§ PROBLEM DESCRIPTION
An exact copy of each line below is needed, with no images in it.

§ DATASET EXTRACT
((
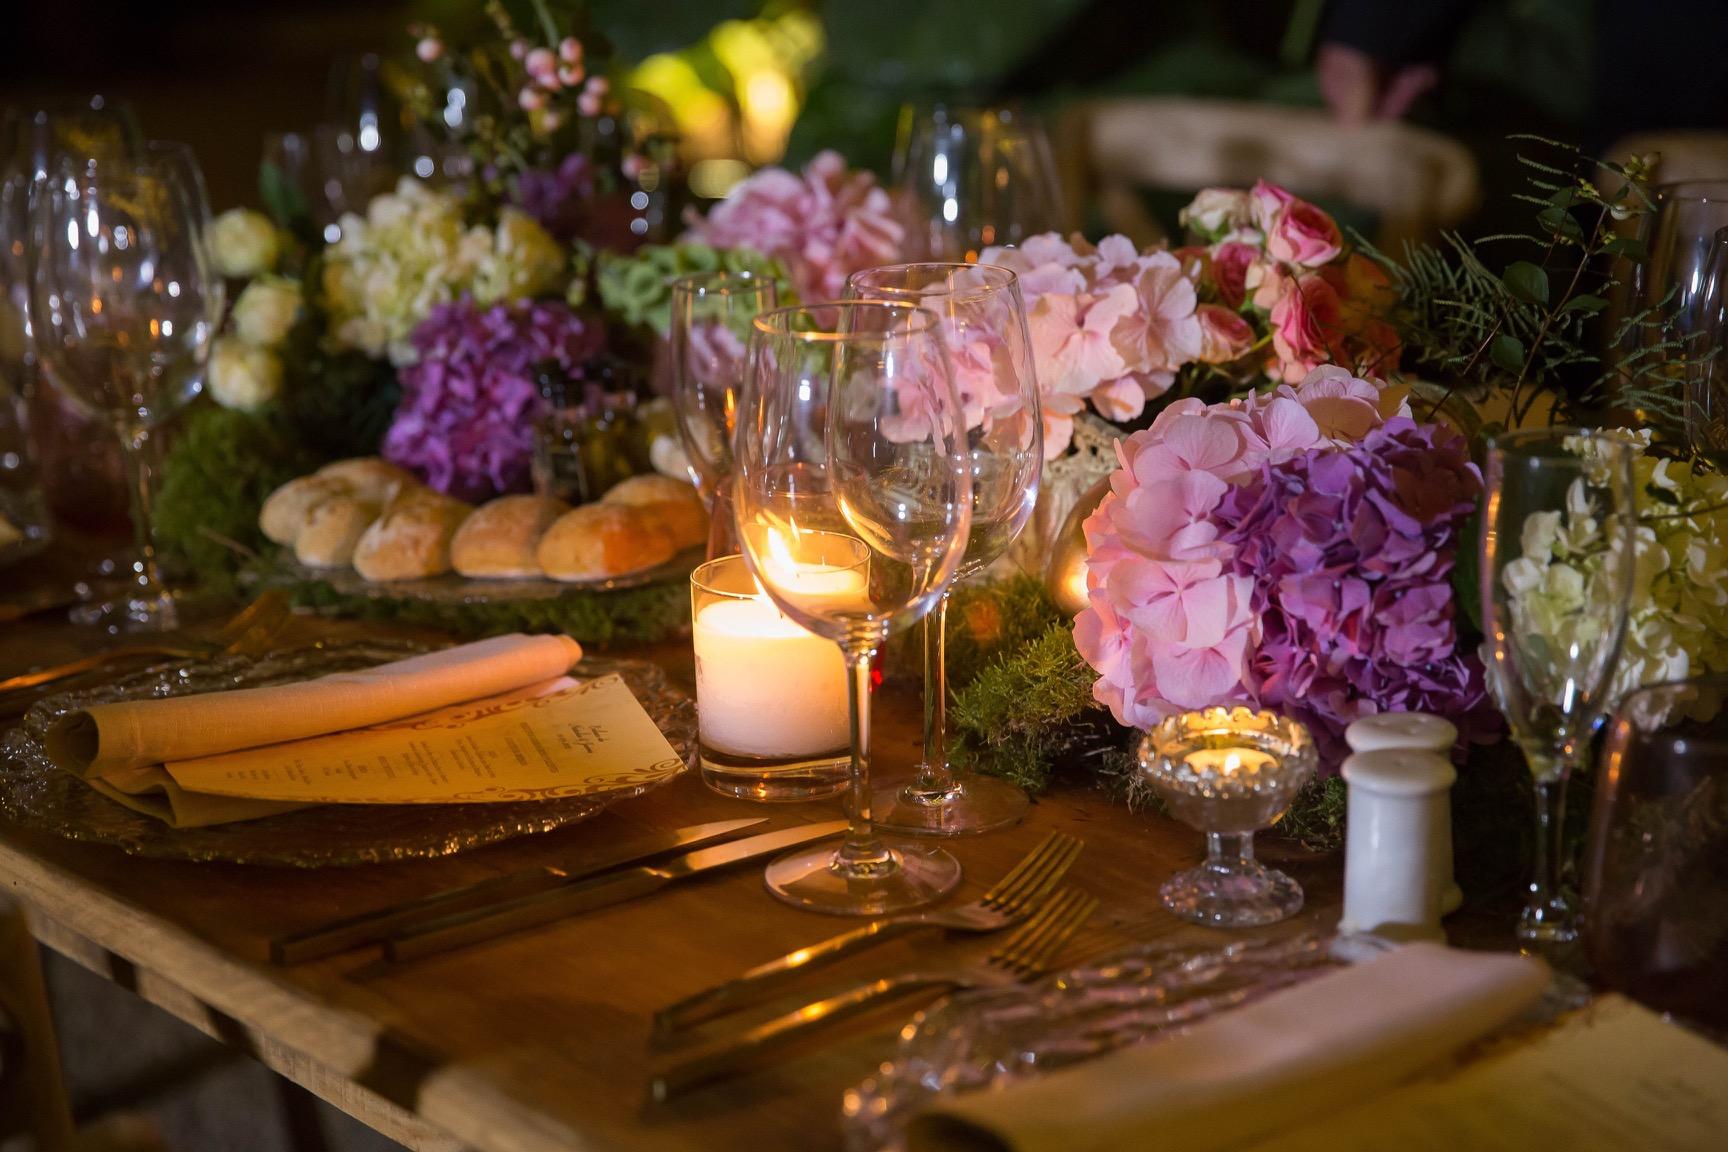 Si-Quiero-Wedding-Planner-By-Sira-Antequera-Bodas-Málaga-Marbella-Miami Natalia-Jaime-10
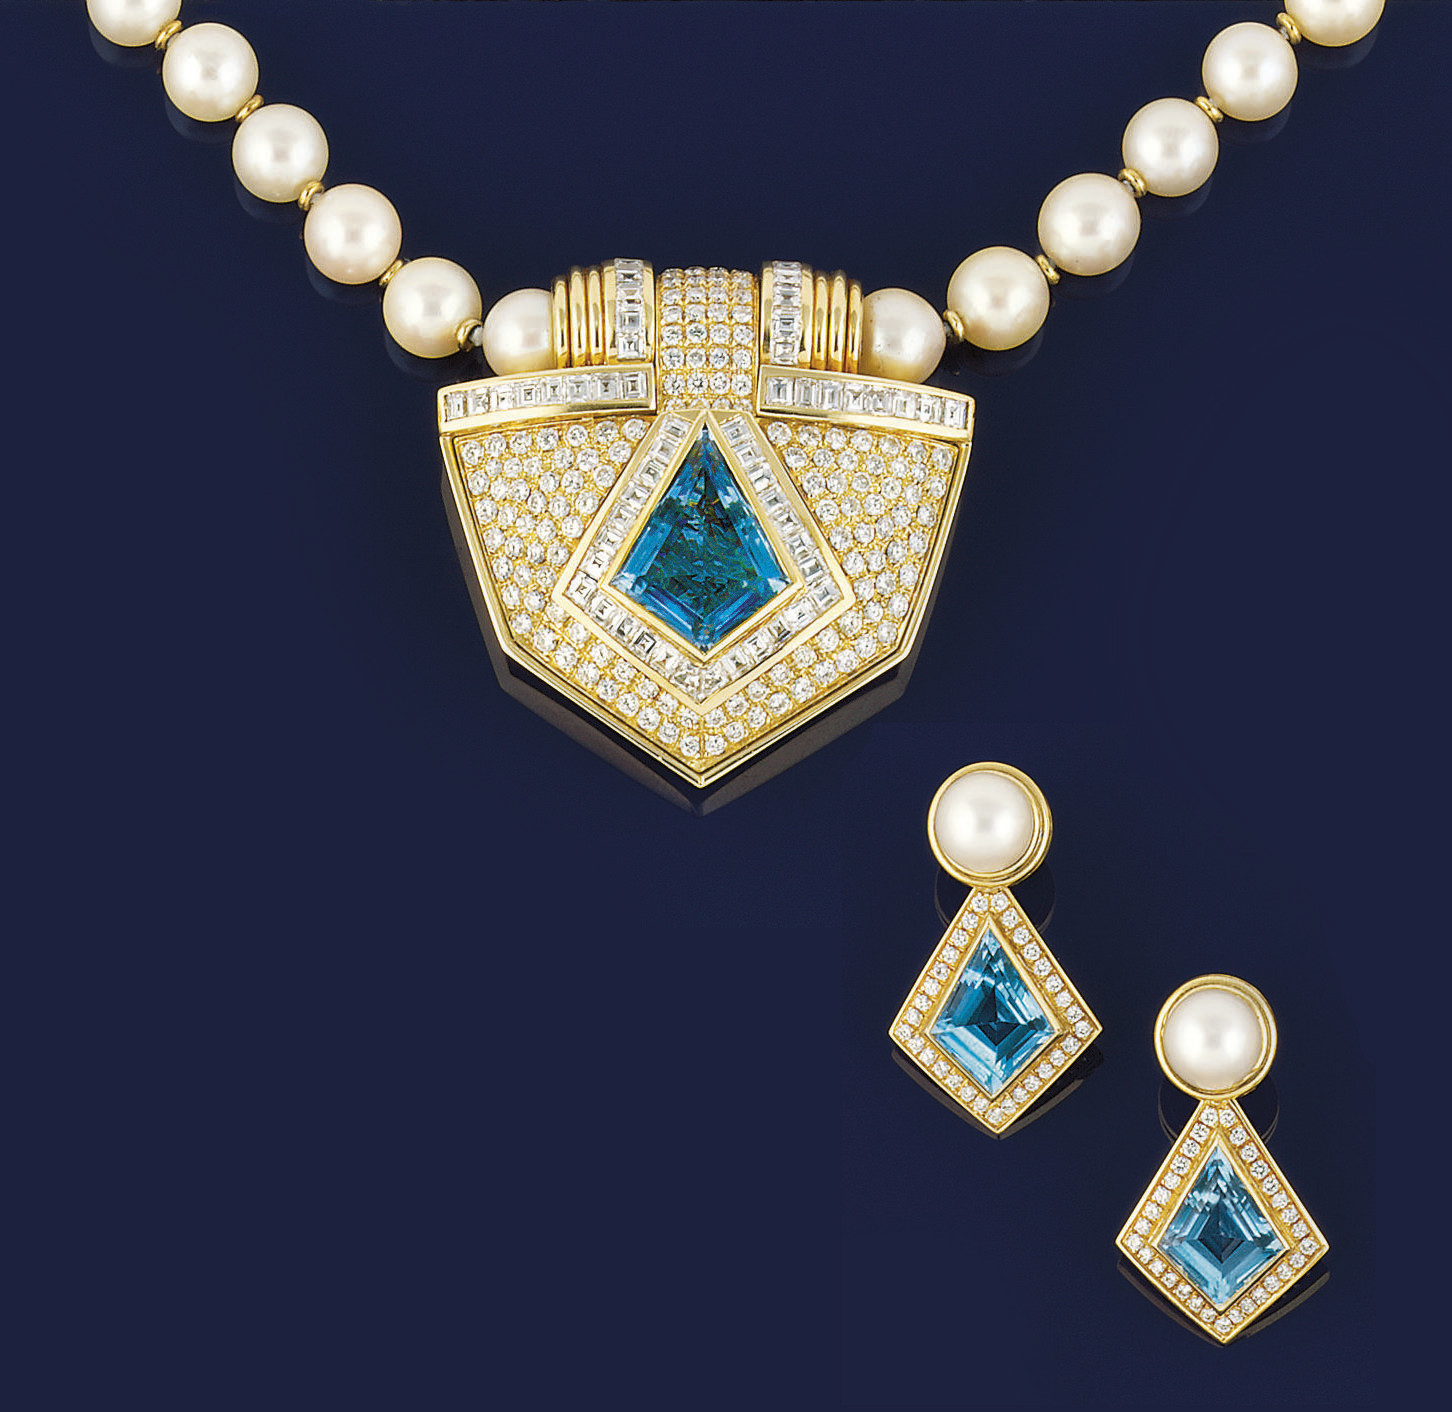 A DIAMOND, BLUE TOPAZ AND CULT
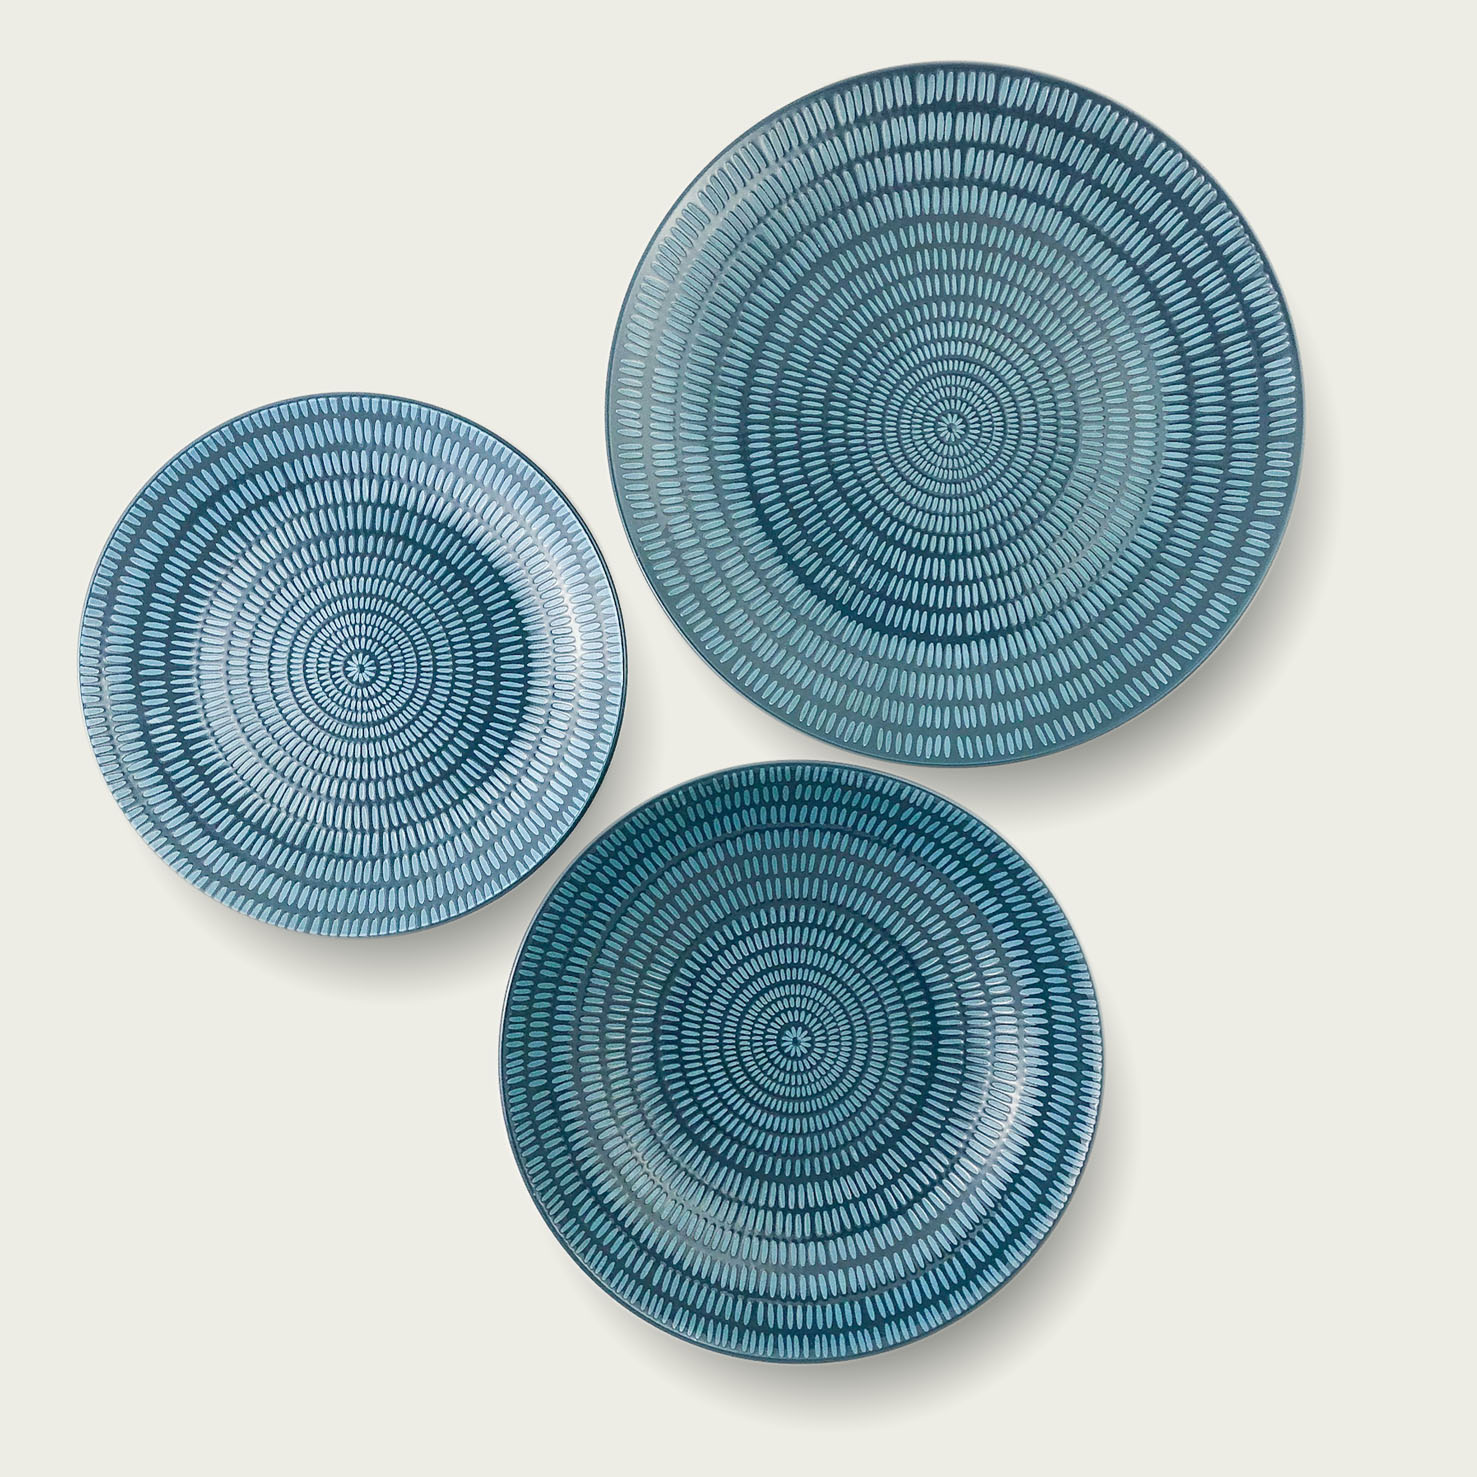 Servizio 18 piatti - cuerda seca ethinc chic-blu scuro
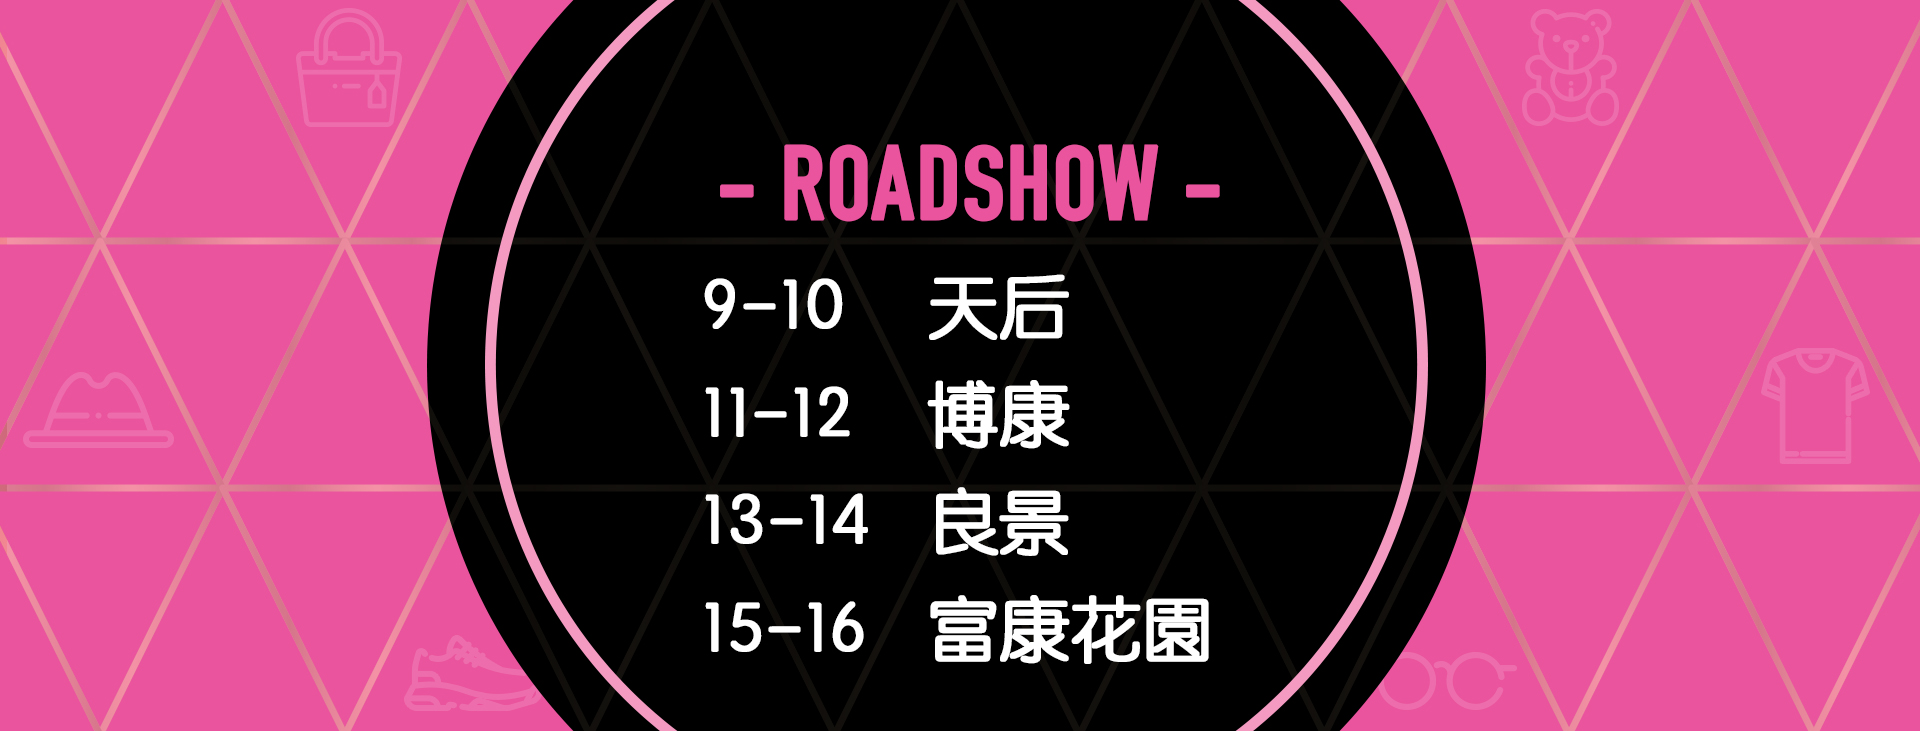 Atomland Roadshow 09-16
))
§ OUTPUT
 Si-Quiero-Wedding-Planner-By-Sira-Antequera-Bodas-Málaga-Marbella-Miami Natalia-Jaime-10
 A DIAMOND, BLUE TOPAZ AND CULT
 Servizio 18 piatti - cuerda seca ethinc chic-blu scuro
 Atomland Roadshow 09-16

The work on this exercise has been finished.